■ Data provided
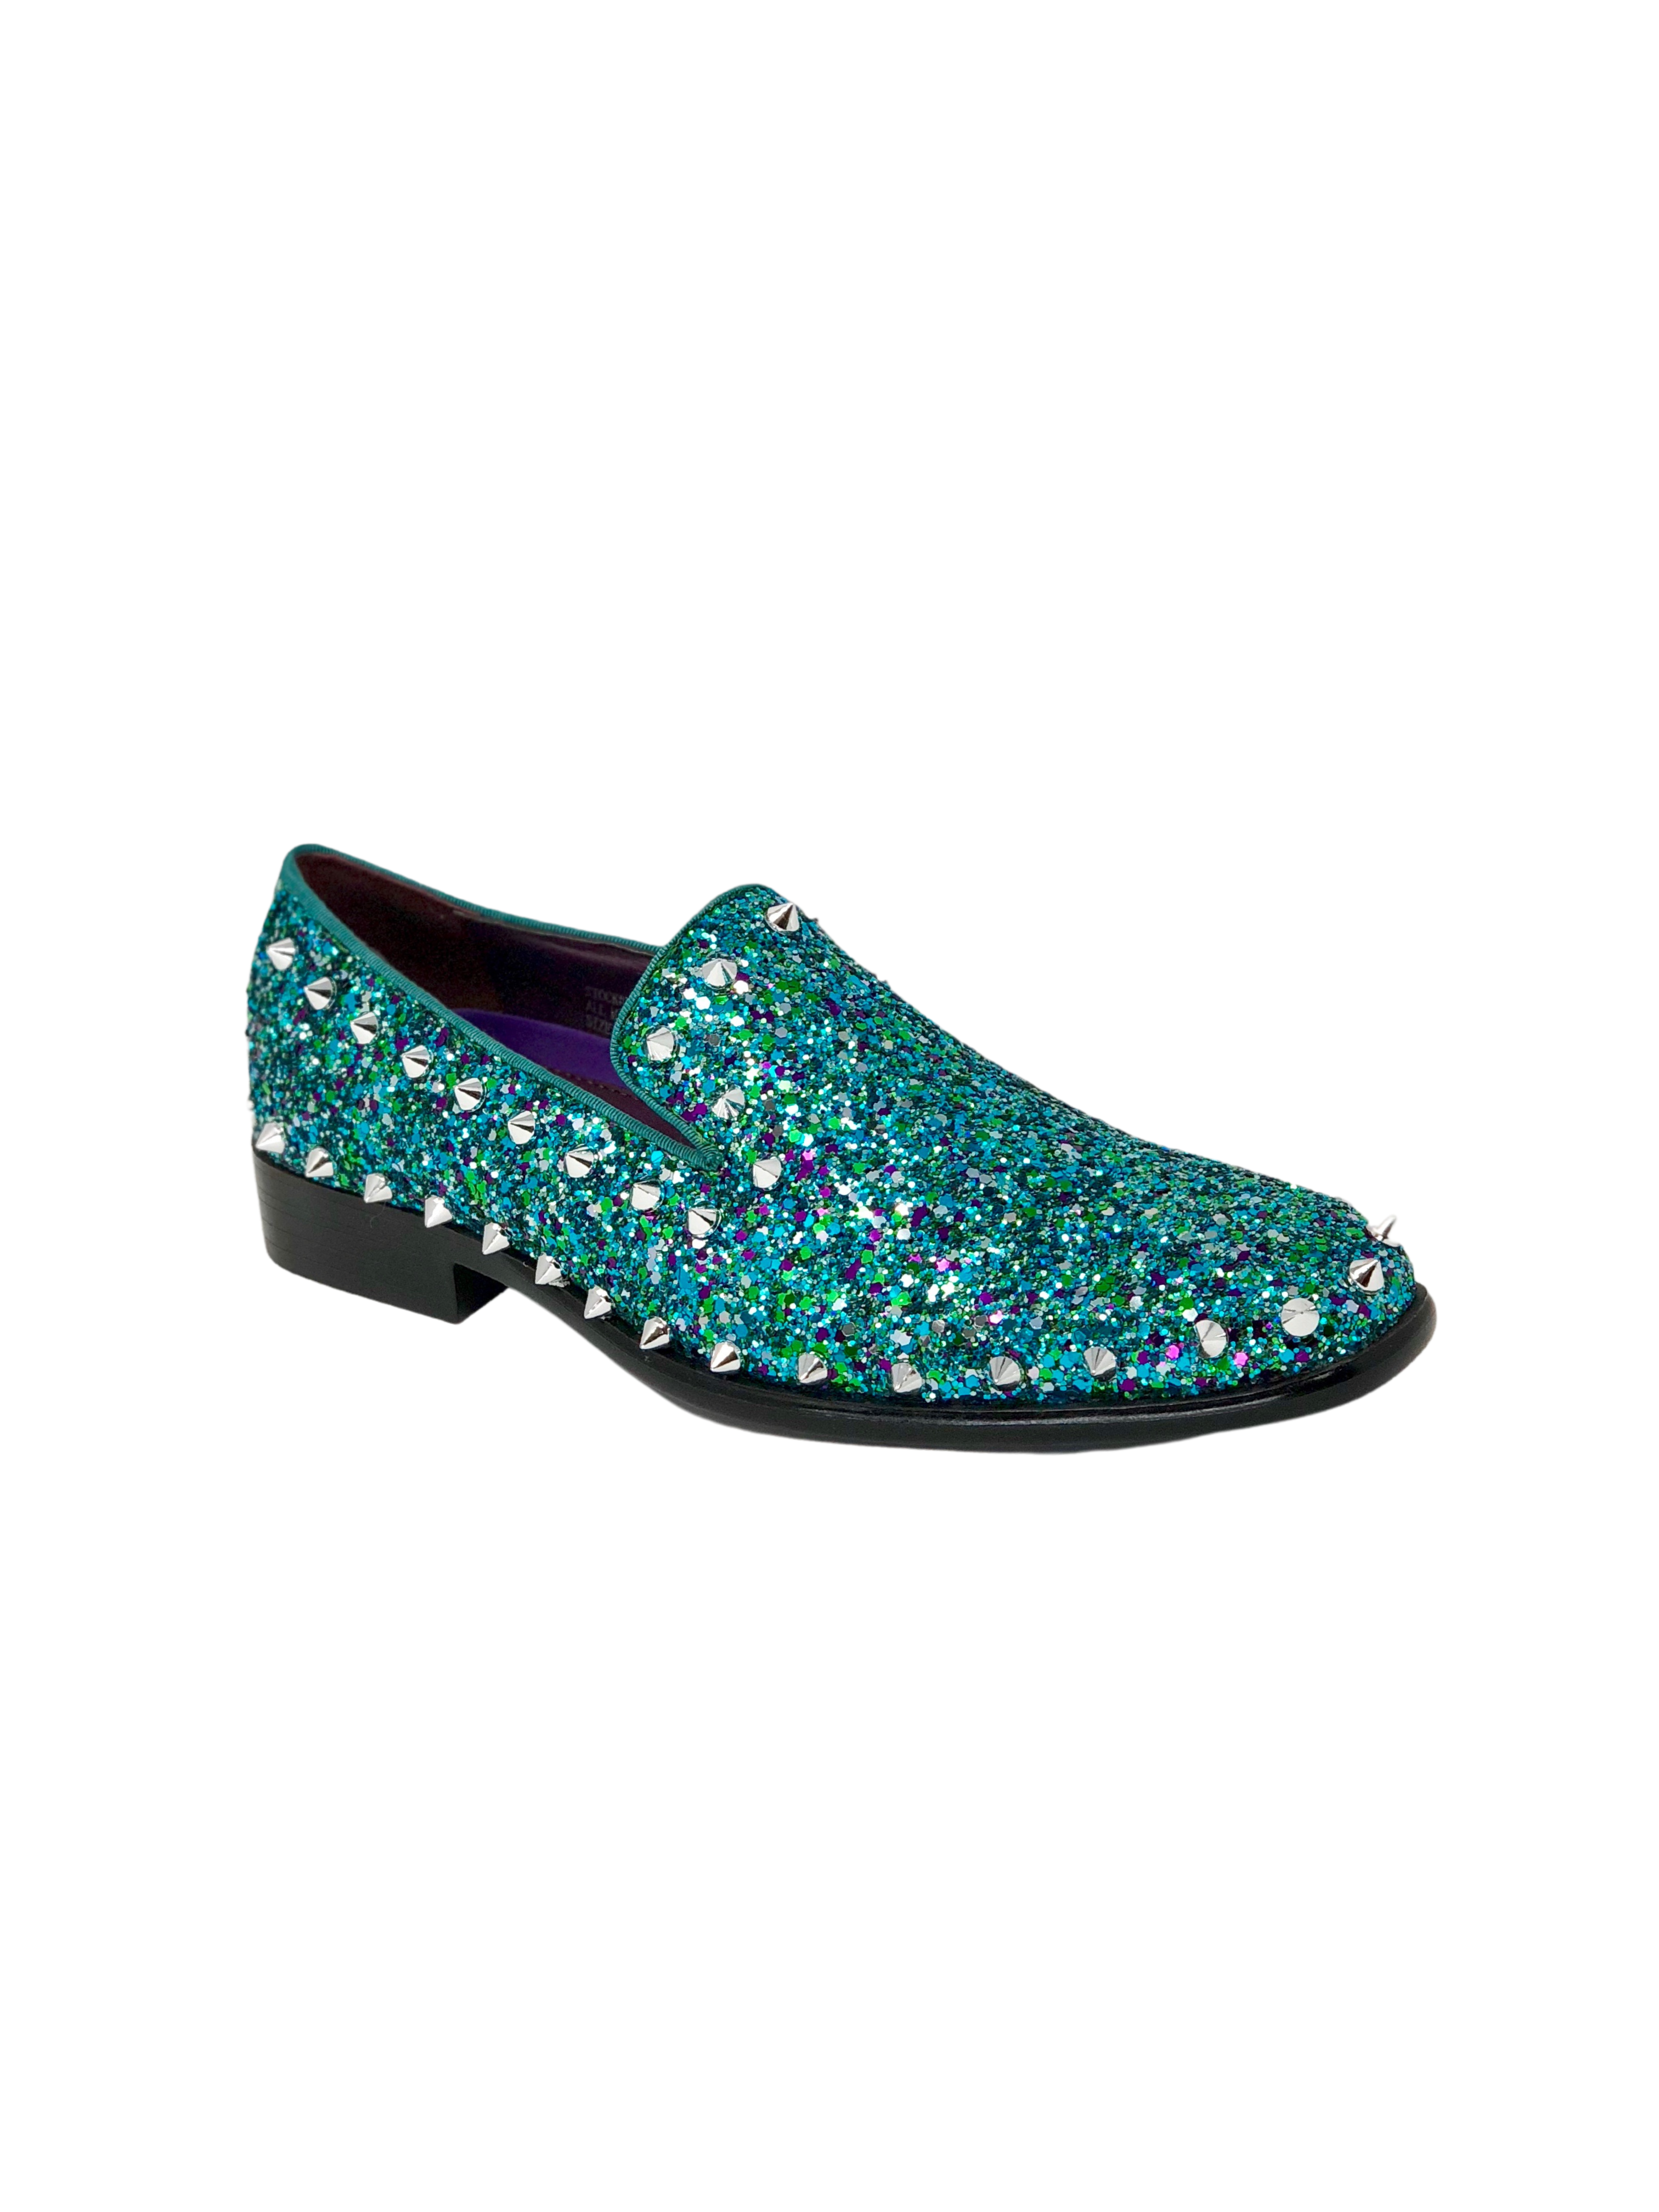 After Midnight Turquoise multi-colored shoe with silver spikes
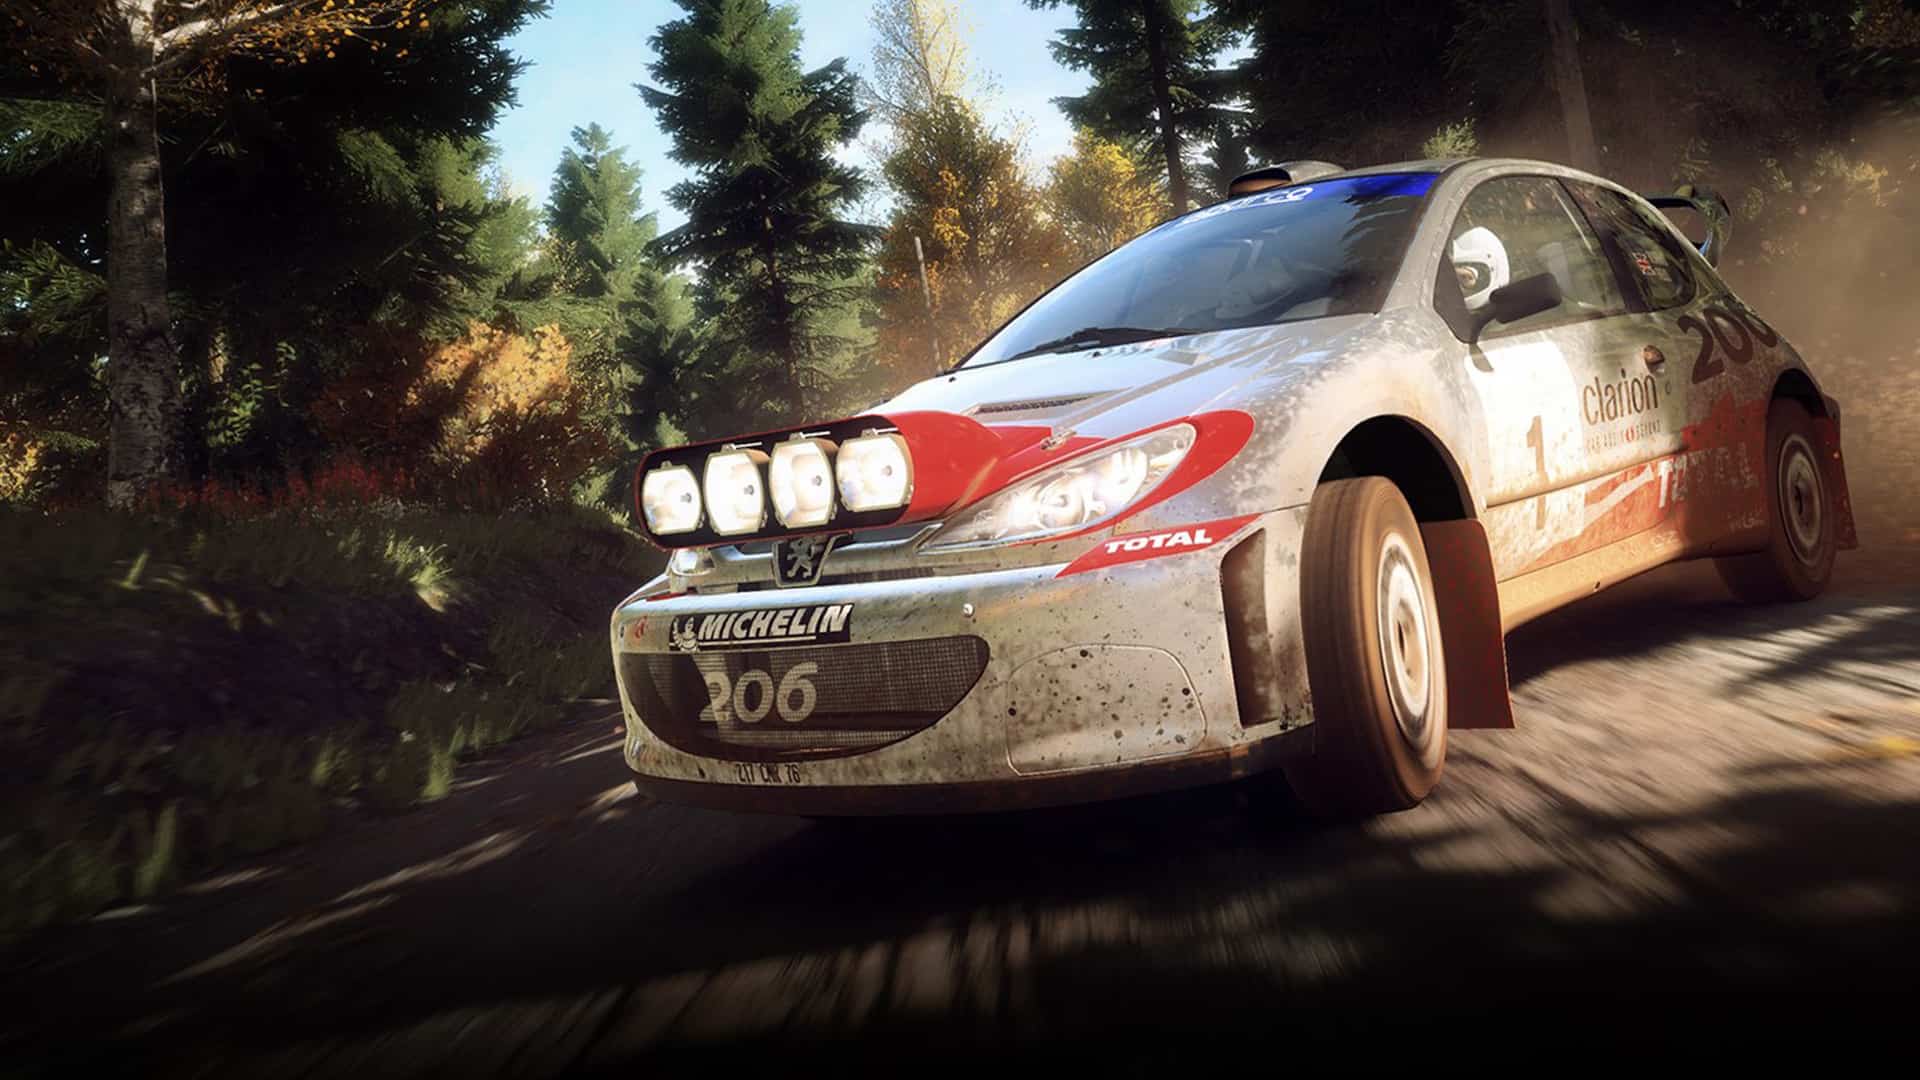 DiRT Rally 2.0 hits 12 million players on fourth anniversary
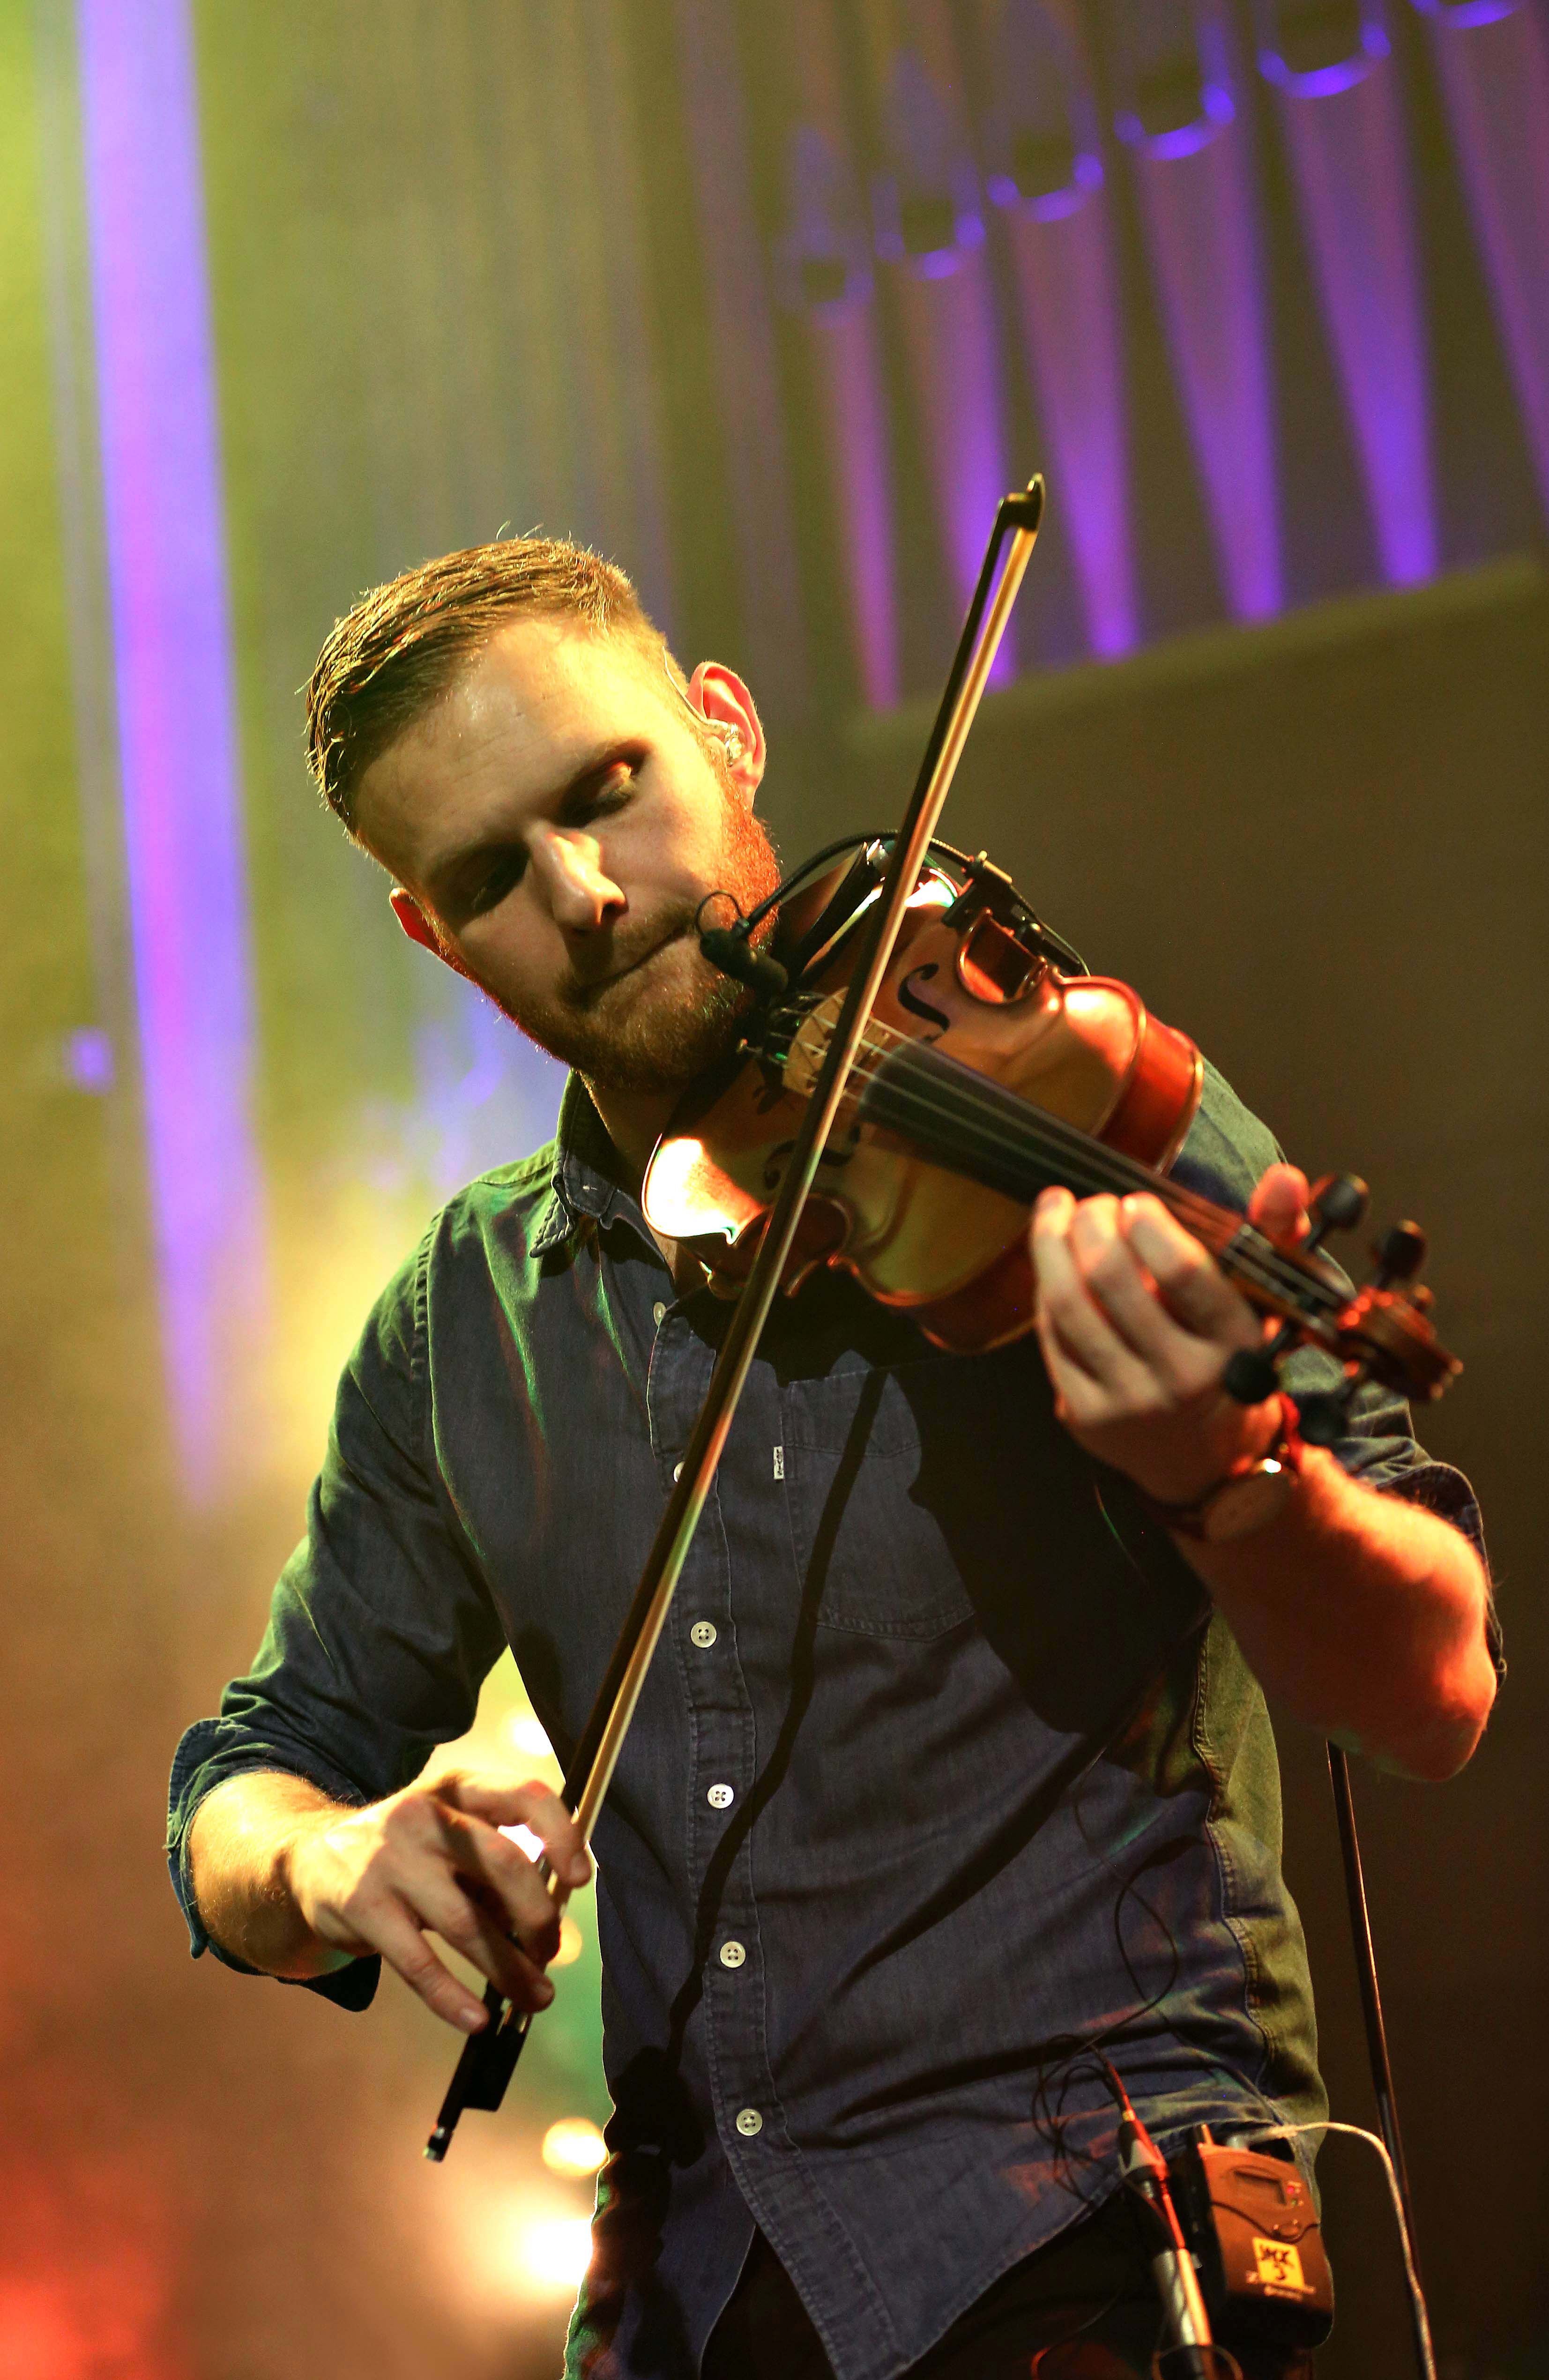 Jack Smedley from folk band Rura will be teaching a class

■ Task objective
Reproduce the listing exactly, but keep its images out of the copy.

■ Output for this task
 After Midnight Turquoise multi-colored shoe with silver spikes
 DiRT Rally 2.0 hits 12 million players on fourth anniversary
 Jack Smedley from folk band Rura will be teaching a class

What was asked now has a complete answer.